Comparison between horizontal (D) and vertical (H) cell diameters in experiment and different numerical simulations shown in Figs. 4(c)–4(e).

Position	(b)		(c)		(d)		(e)
	D (μm)	H (μm)	D (μm)	H (μm)	D (μm)	H (μm)	D (μm)	H (μm)
1	19.73	16.14	20.15	17.04	20.43	17.14	20.37	17.24
2	25.15	13.47	24.37	13.84	24.39	13.89	24.31	13.93
3	32.57	5.00	32.38	4.98	32.44	4.98	32.39	4.97
4	19.76	11.79	18.93	10.47	18.95	10.48	18.97	10.49

B. Squeezing velocity

The effect of cell average velocity on drug loading is examined in this section. The results are reported based on squeezing velocity because experiments in Refs. 14 and 17 have used the cell average velocity in multiple individual channels to report the results. We adjust the external force applied on the LB point to generate different average cell velocities, including $V_1\approx 200\mathrm{mm}/\mathrm{s},V_2\approx 400\mathrm{mm}/\mathrm{s}$, and $V_3\approx 700\mathrm{mm}/\mathrm{s}$. The range of squeezing velocity is within the range reported in Refs. 14 and 17. Here, the squeezing length and width are fixed at $L_{sq}=L_2=0.3L$ and $W_{sq}=W_2=0.4D$, respectively. Figure 5 shows the simulation snapshots at different velocities when the cell center is approximately located at constriction beginning $(x_s)$, channel center $(x_m)$, constriction end $(x_e)$, and process end $(x_f)$. The cell and nucleus dynamics are similar to what explained in the squeezing validation part. The complicated structure of the cell tail can be related to the velocity difference between the tail center (located in high-speed area) and the tail edge (located near the walls). Increasing the velocity results in a more complicated structure in the cell tail due to higher velocity difference in the center and the edge of the cell tail. As squeezing velocity increases, the cell head expansion at the constriction exit becomes more significant due to a stronger driving force on the cell. The final cell length and width are also larger at higher squeezing velocities. As the squeezing velocity increases, the nucleus deformation increases and reconciles with the micropore width more easily. At lower squeezing velocity, the nucleus is very close to the cell head because of lower cell velocity as compared to the nucleus. Therefore, the nucleus exerts a larger force on the cell head at low velocities due to the cell and nucleus proximity. It should be mentioned that after the cell back leaves the micropore, the cell would start recovering/expanding in the buffer solution. Cell shape recovery is not modeled here due to its larger time scale compared to the simulation time scale.

FIG. 5.

Cell shapes during squeezing at different velocities with L_sq = L₂, W_sq = 0.4 D.

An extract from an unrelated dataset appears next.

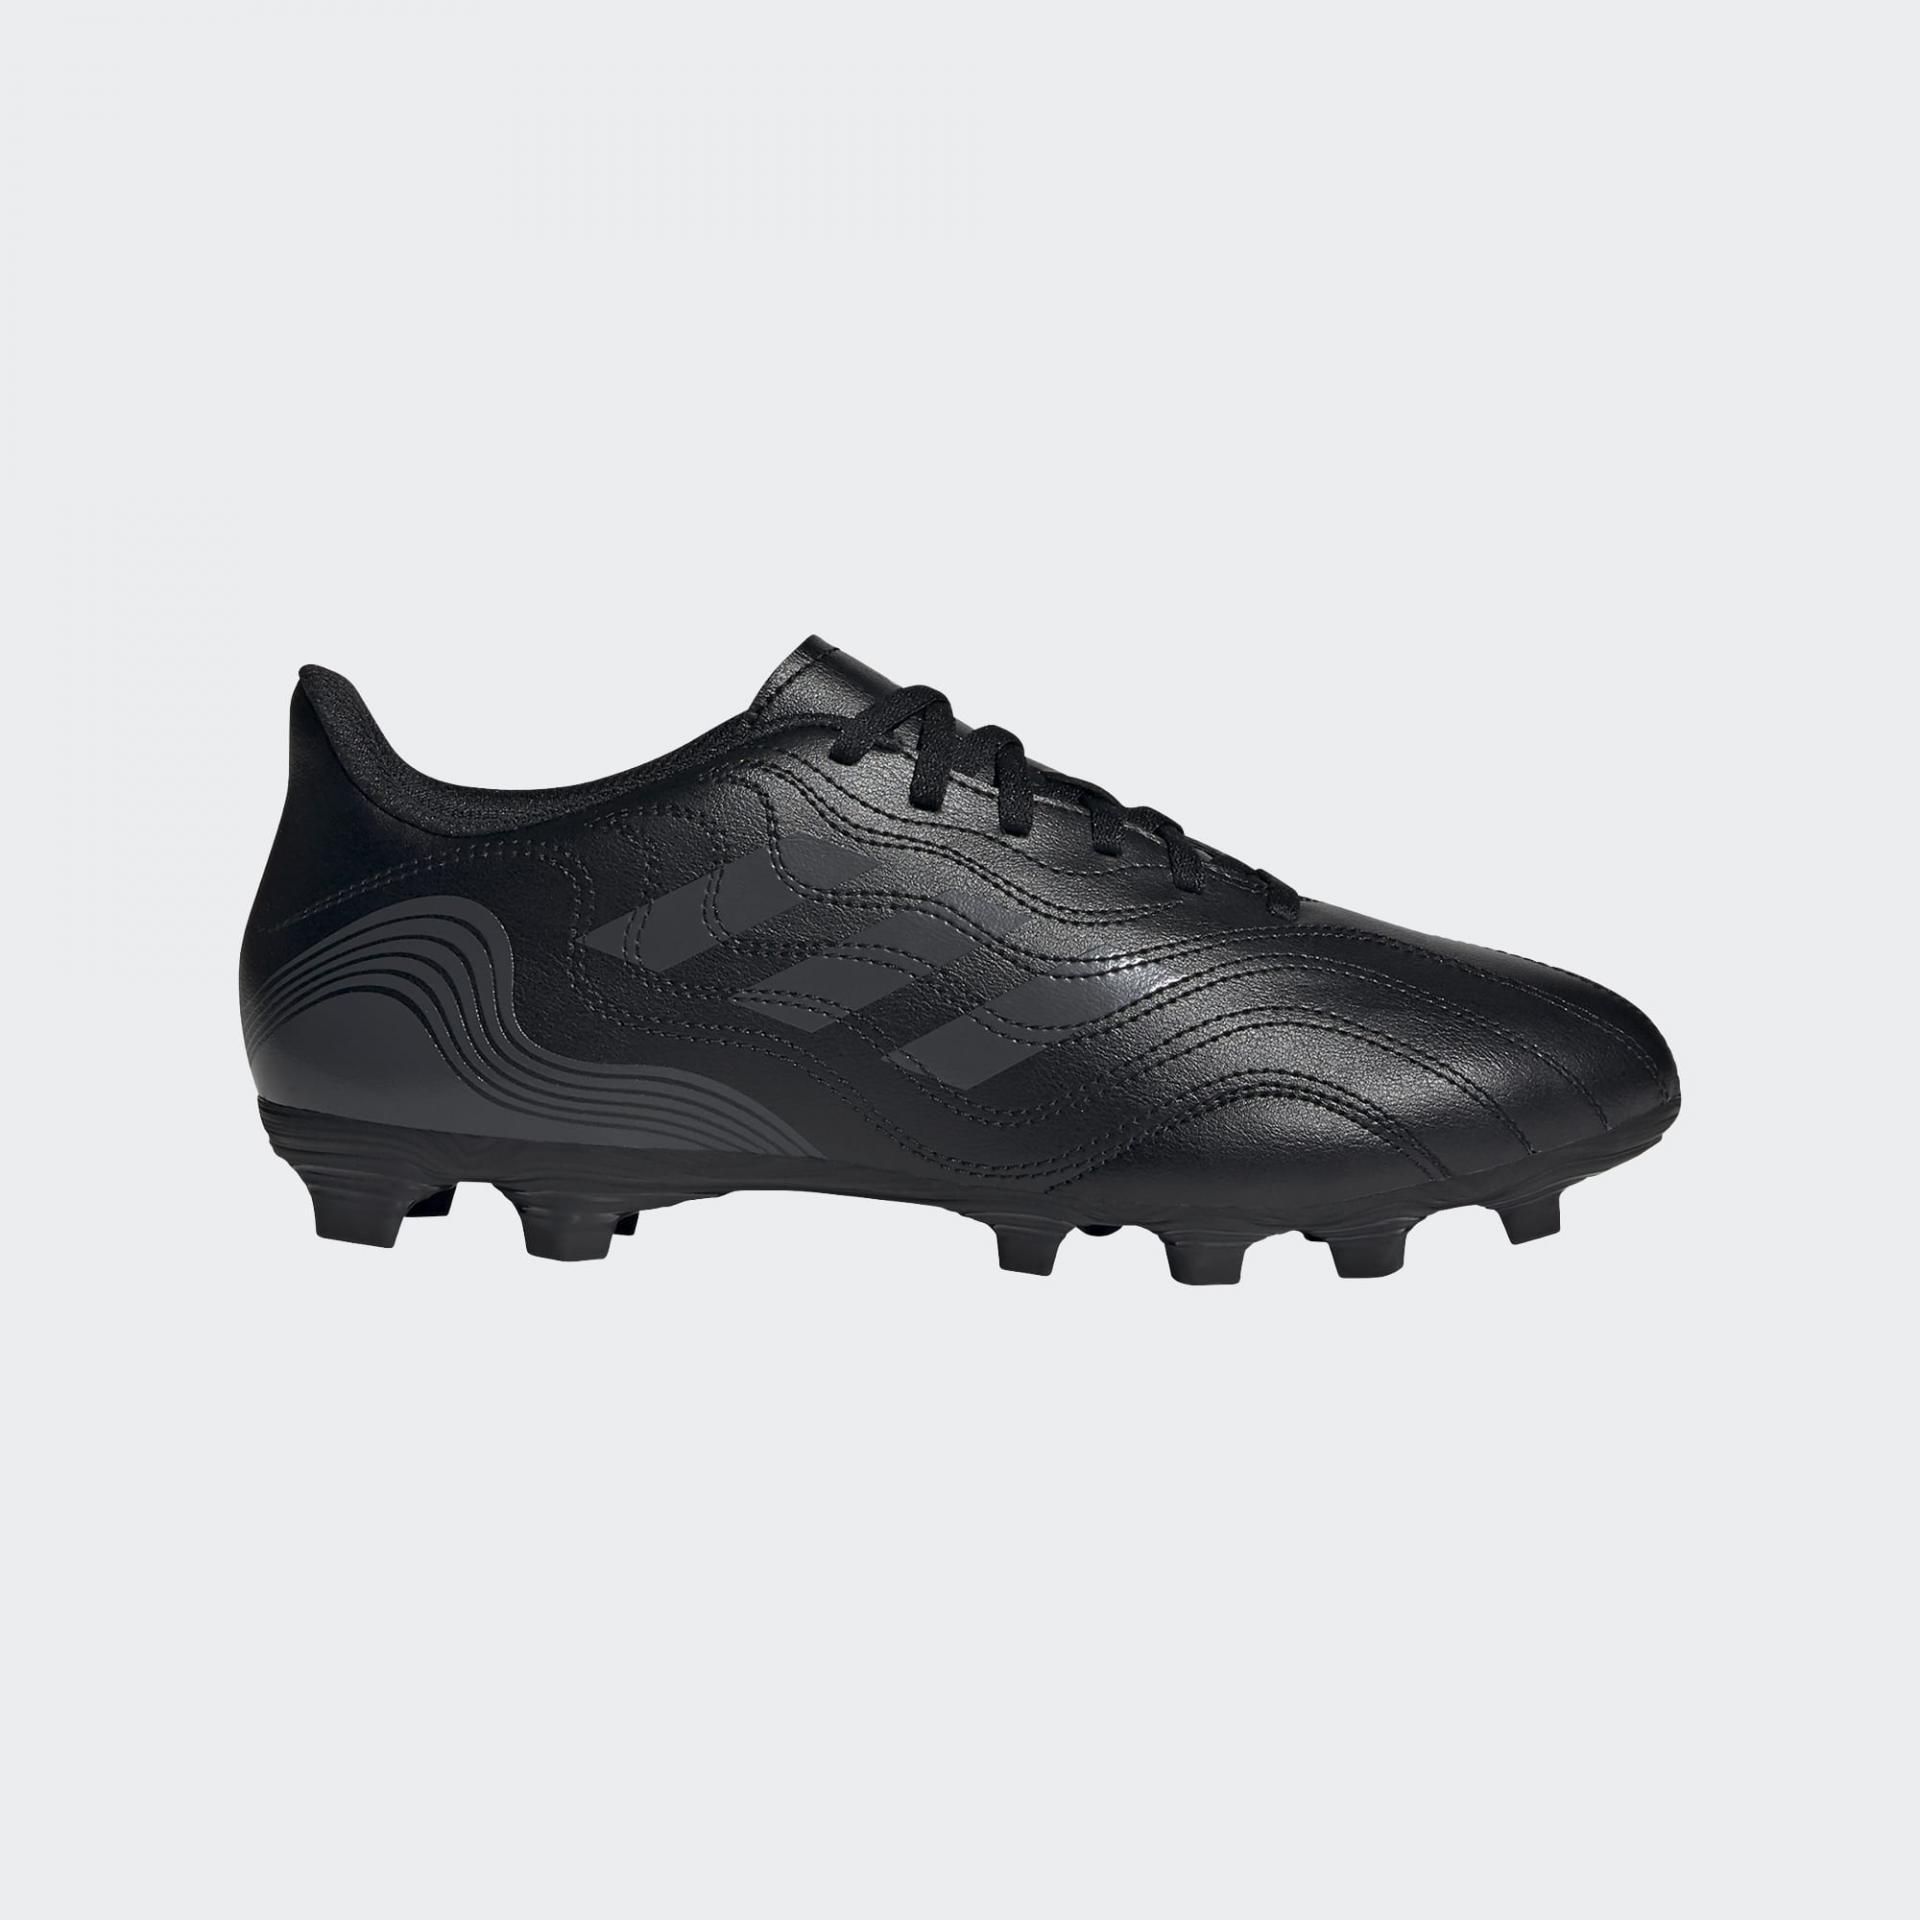 Bota de futbol Adidas FW6537 COPA SENSE.4
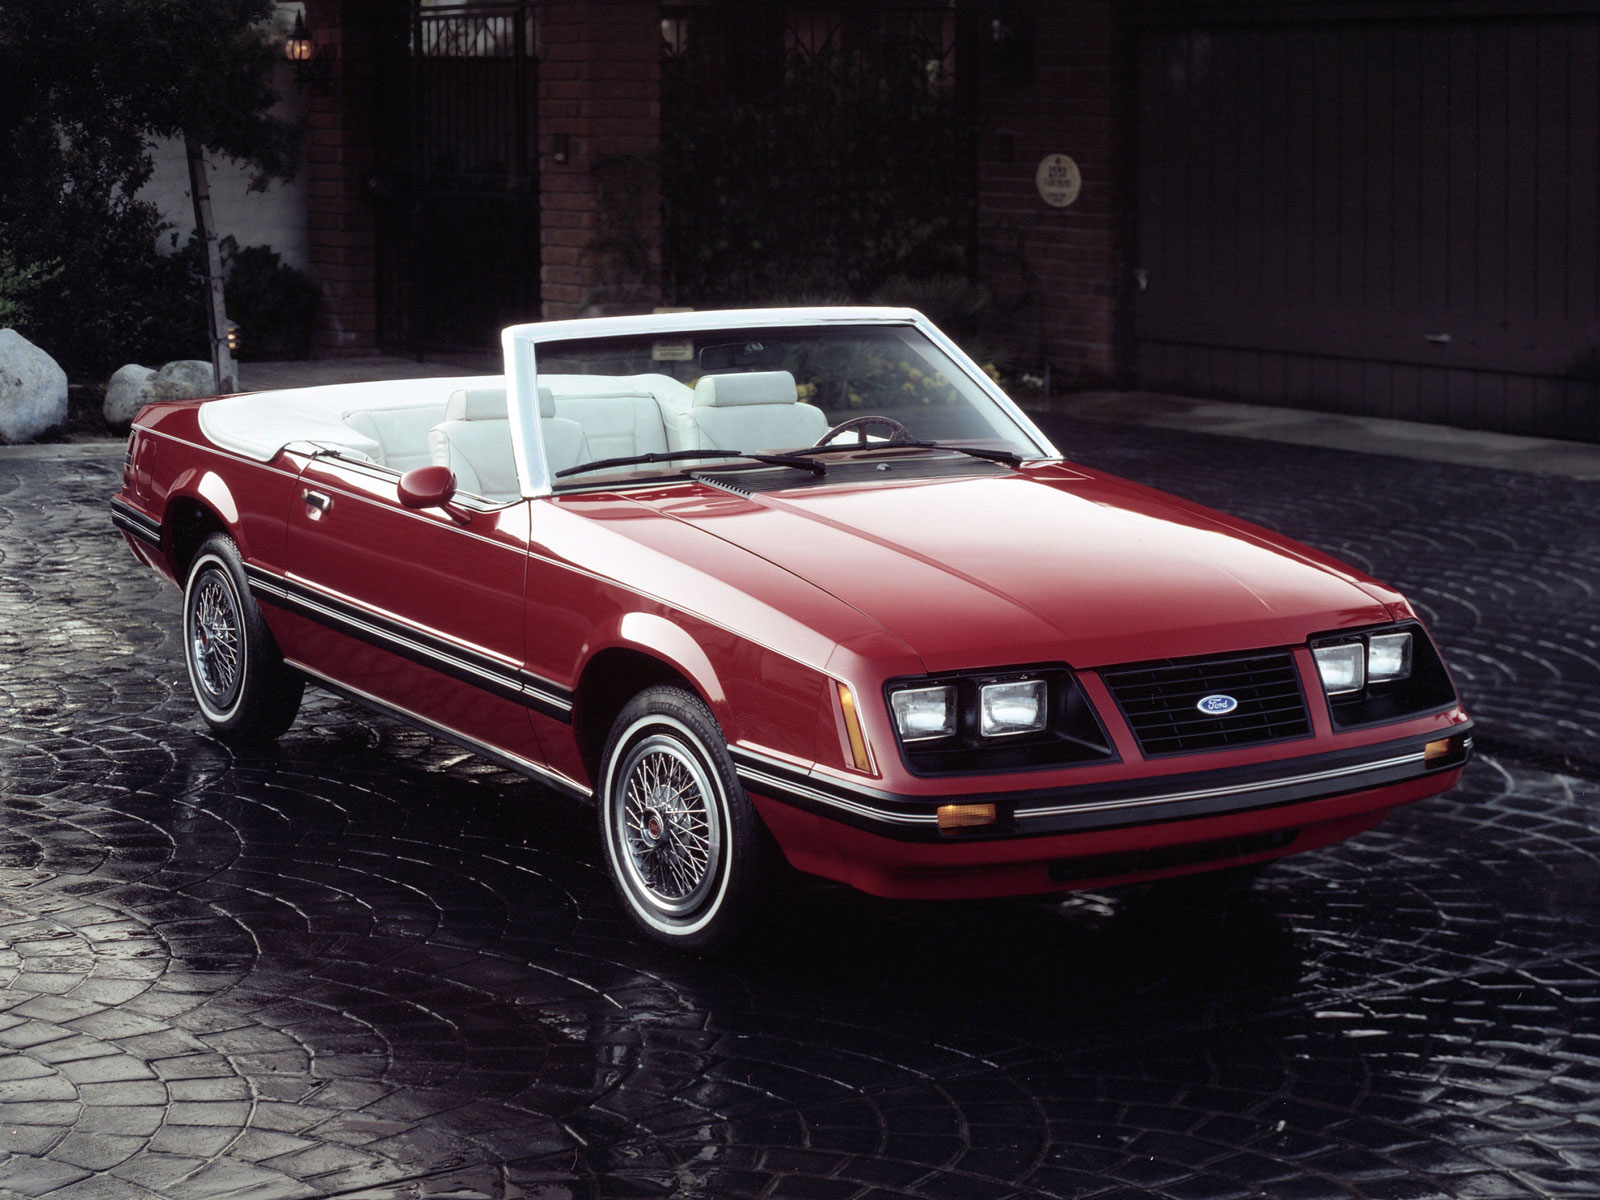 1983 1993 ford mustang cabrio autoguru. Black Bedroom Furniture Sets. Home Design Ideas

The instantaneous cell center velocity is plotted in Fig. 6(a) for different squeezing velocities. In all the graphs, the constriction zone is shaded. As the figure indicates, the cell starts moving at $x_0=15.3\mu \mathrm{m}$. For all the cases, the velocity graph has four regions. In the first region, the velocity goes up at a milder rate, while in the second zone, the velocity increase happens at a higher rate. In the third region, the velocity remains almost constant. Finally, the cell center velocity decreases sharply. The first zone happens when the cell is trying to occupy the slit. During this stage, the velocity increases at a lower rate since the cell shape is not consistent with the micropore. As the squeezing velocity increases, this step takes a longer time because the cell tail has a sharper edge in higher squeezing velocity due to sudden deformation (Fig. 5). After shape change occurs thoroughly, the velocity increases faster since there is no objection against the cell movement. The velocity remains constant until the cell head locates nearly at $x_e$. At this point, the cell center velocity decreases since it enters the high-pressure or low-velocity region.

FIG. 6.

Plots of different parameters for squeezing at different velocities: (a) cell center velocity, (b) horizontal diameter, (c) vertical diameter, (d) porosity, and (e) normalized drug concentration.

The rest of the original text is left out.